EXERCISE: Every line below must come back exactly as it stands, with the images omitted.

DATASET CONTENT:

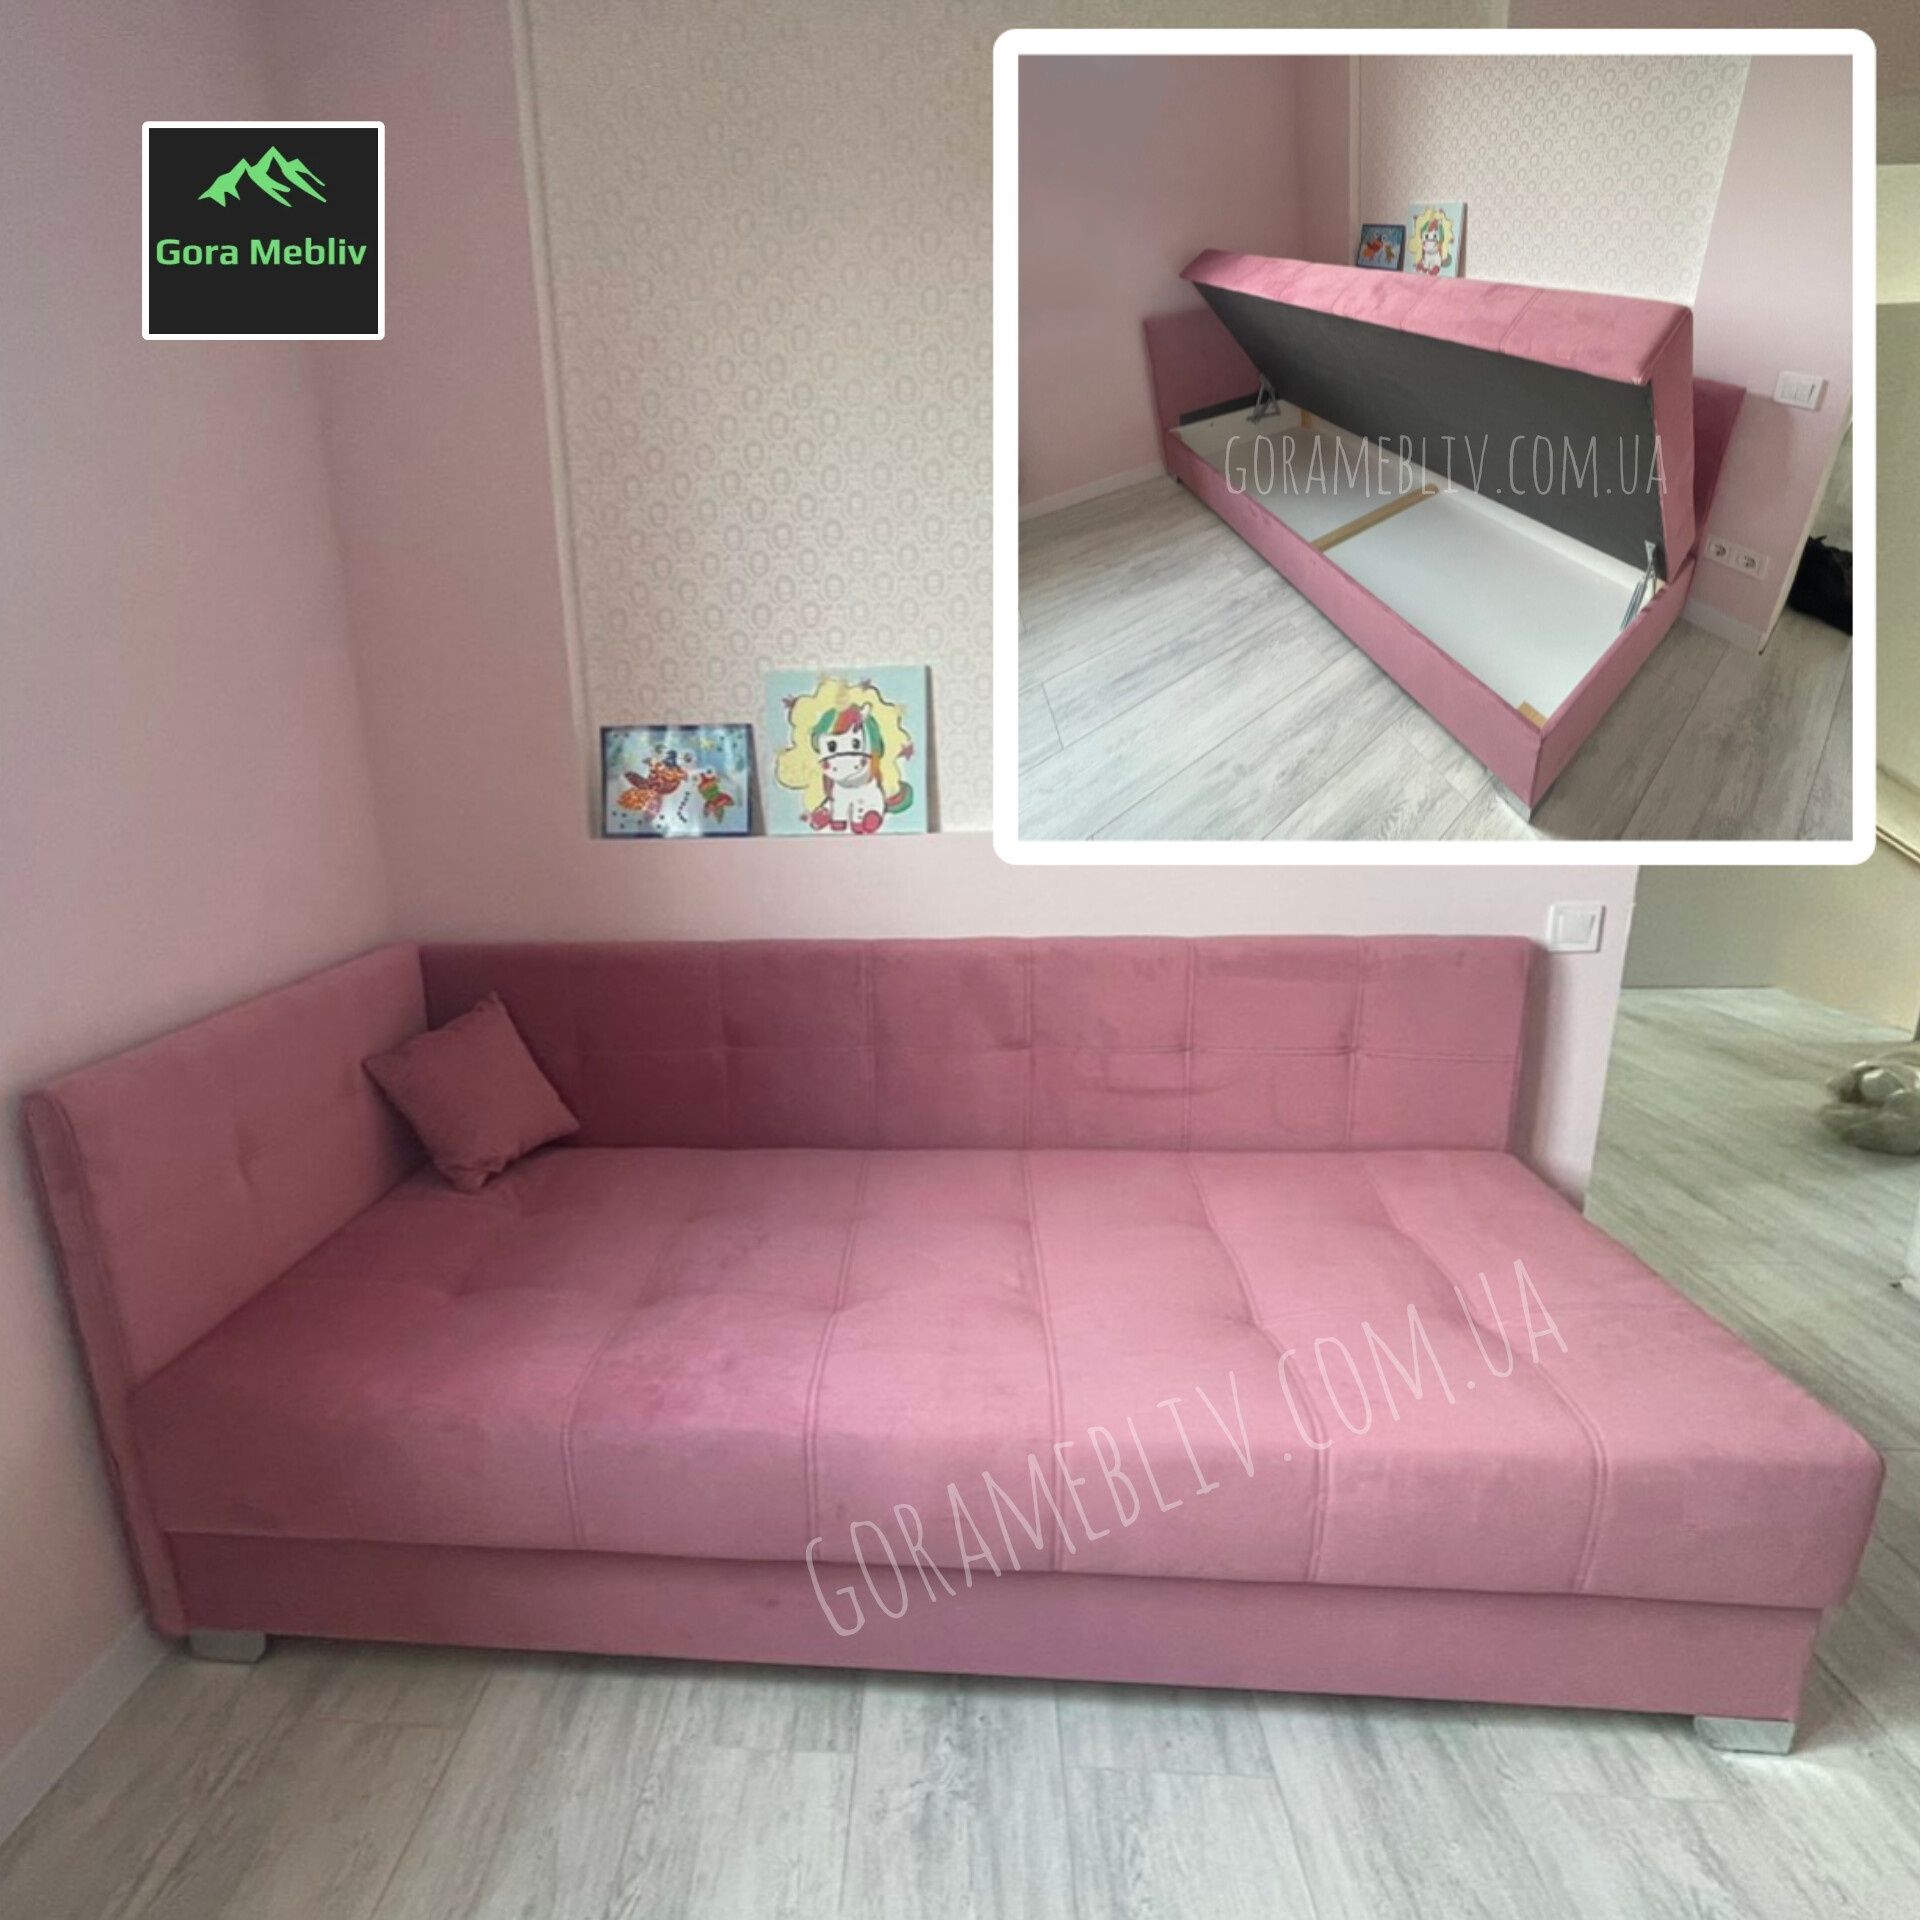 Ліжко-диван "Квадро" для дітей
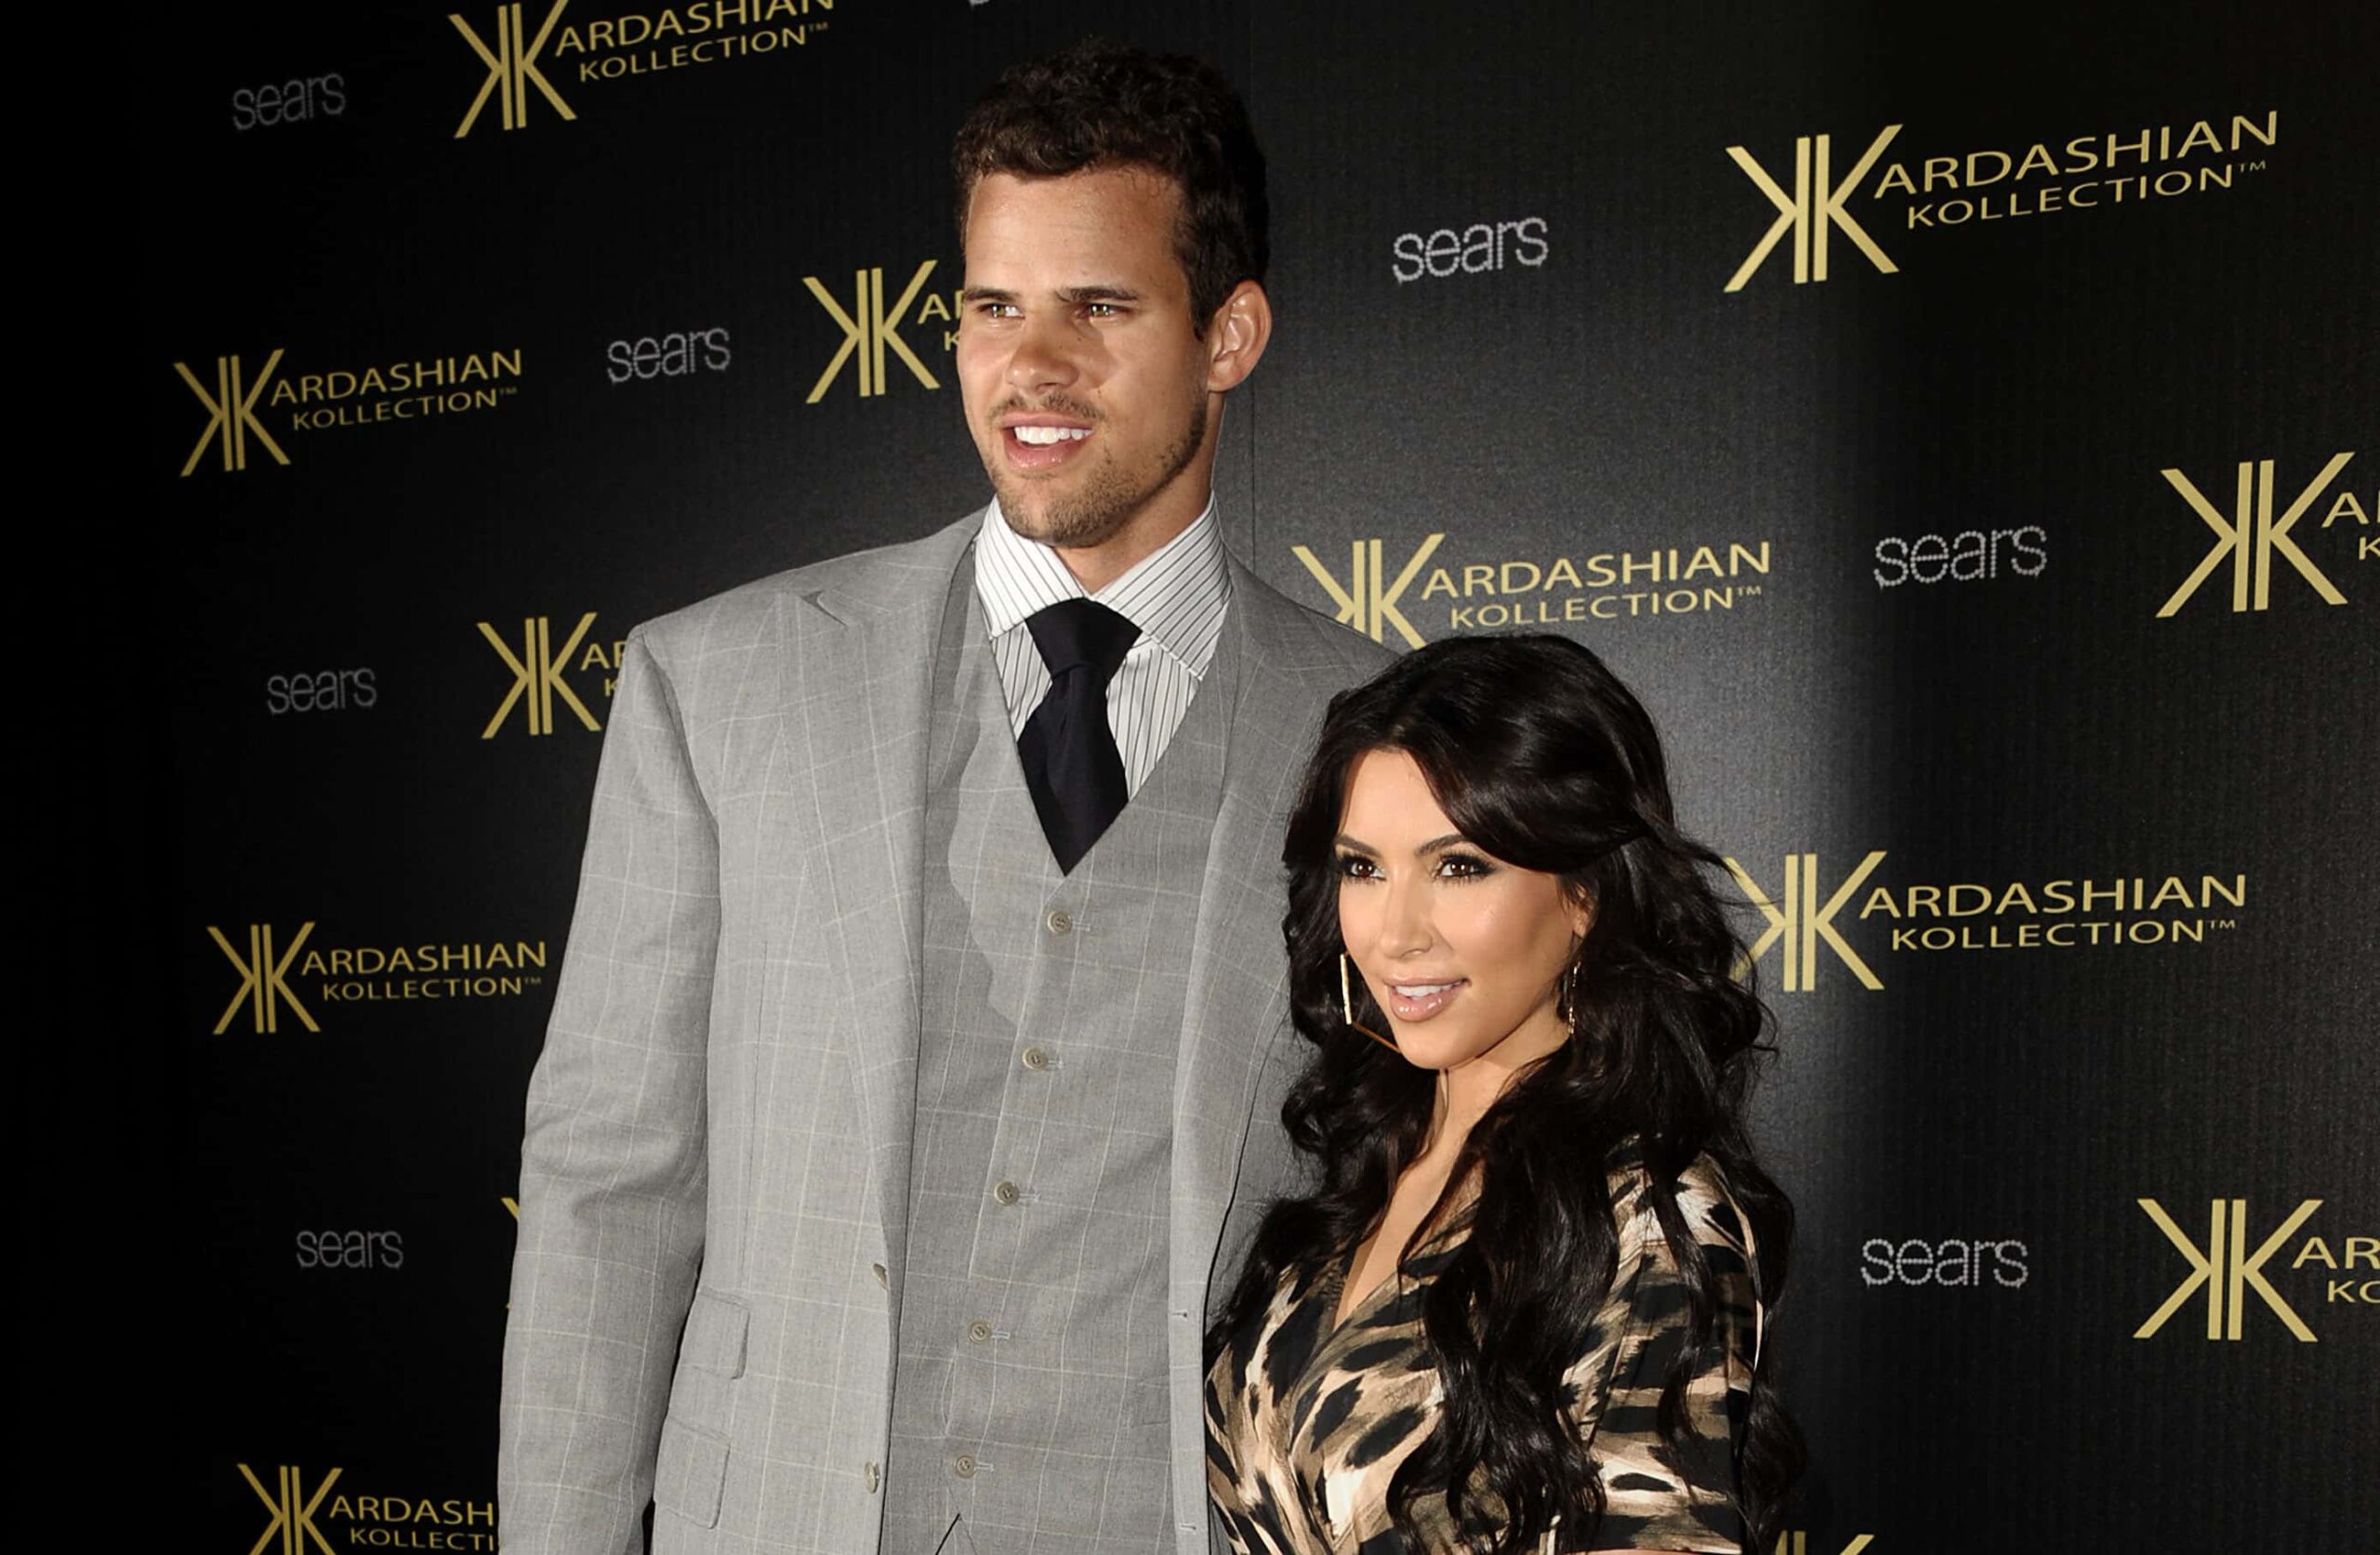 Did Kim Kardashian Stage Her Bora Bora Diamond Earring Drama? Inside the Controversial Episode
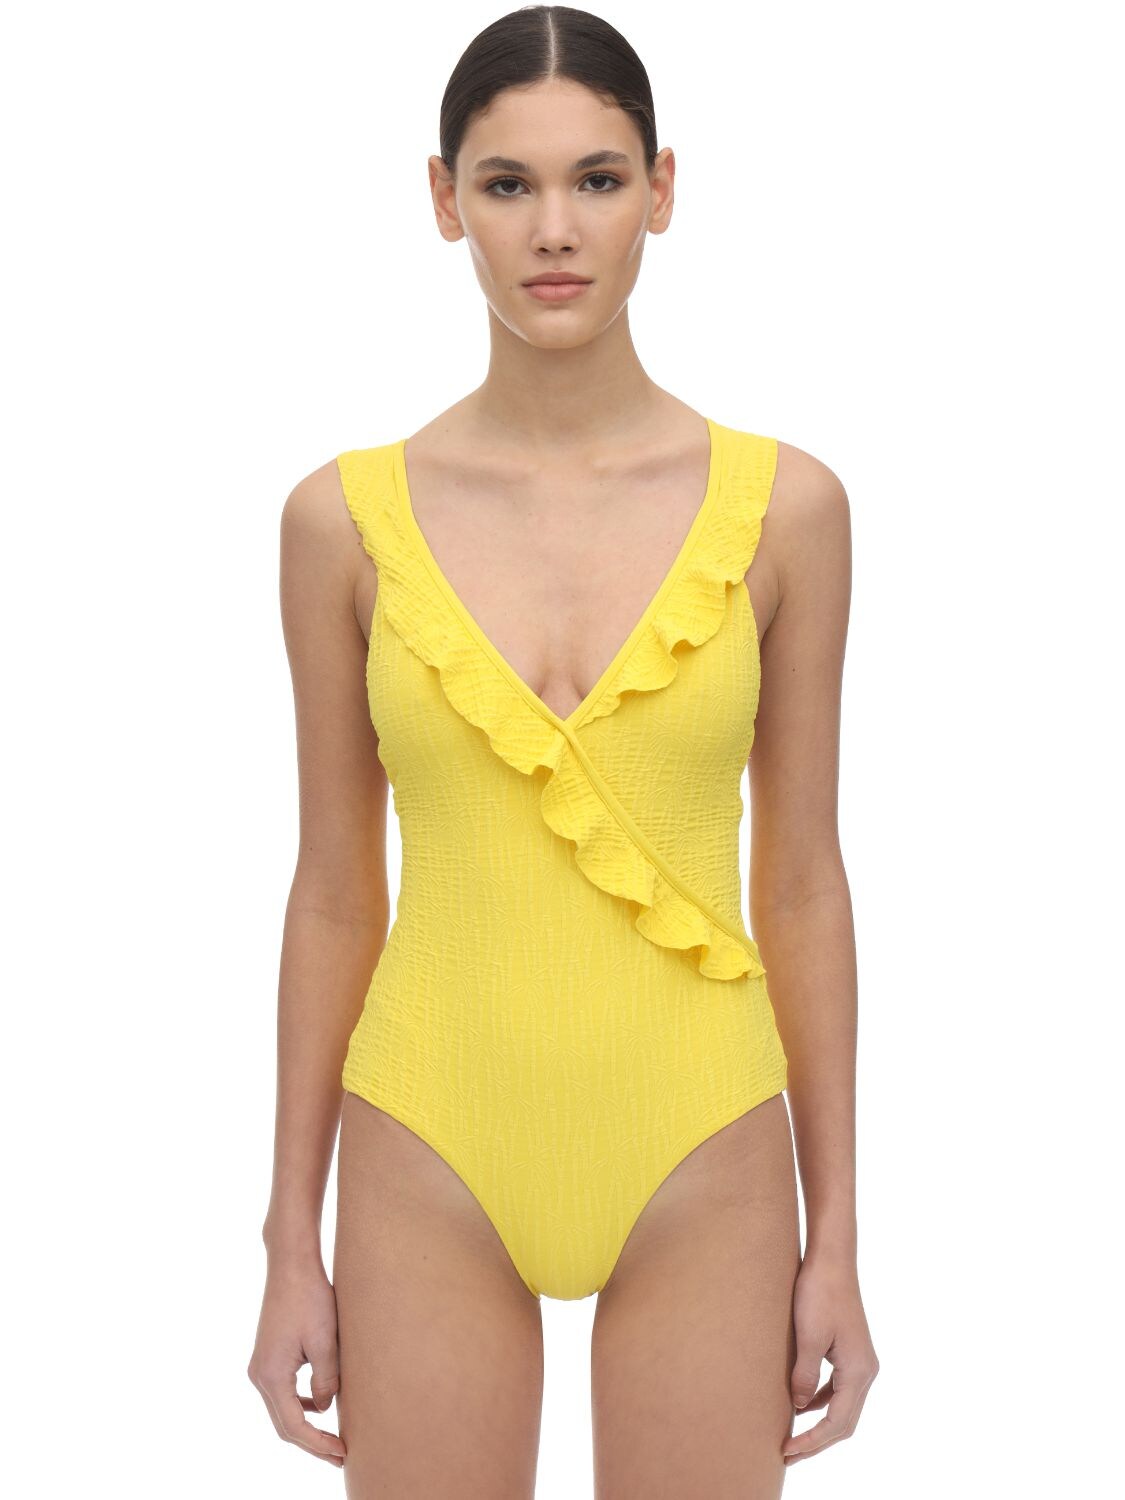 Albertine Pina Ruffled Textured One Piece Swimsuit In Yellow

RESULT OF THIS EXERCISE:
 Ліжко-диван "Квадро" для дітей
 Did Kim Kardashian Stage Her Bora Bora Diamond Earring Drama? Inside the Controversial Episode
 Albertine Pina Ruffled Textured One Piece Swimsuit In Yellow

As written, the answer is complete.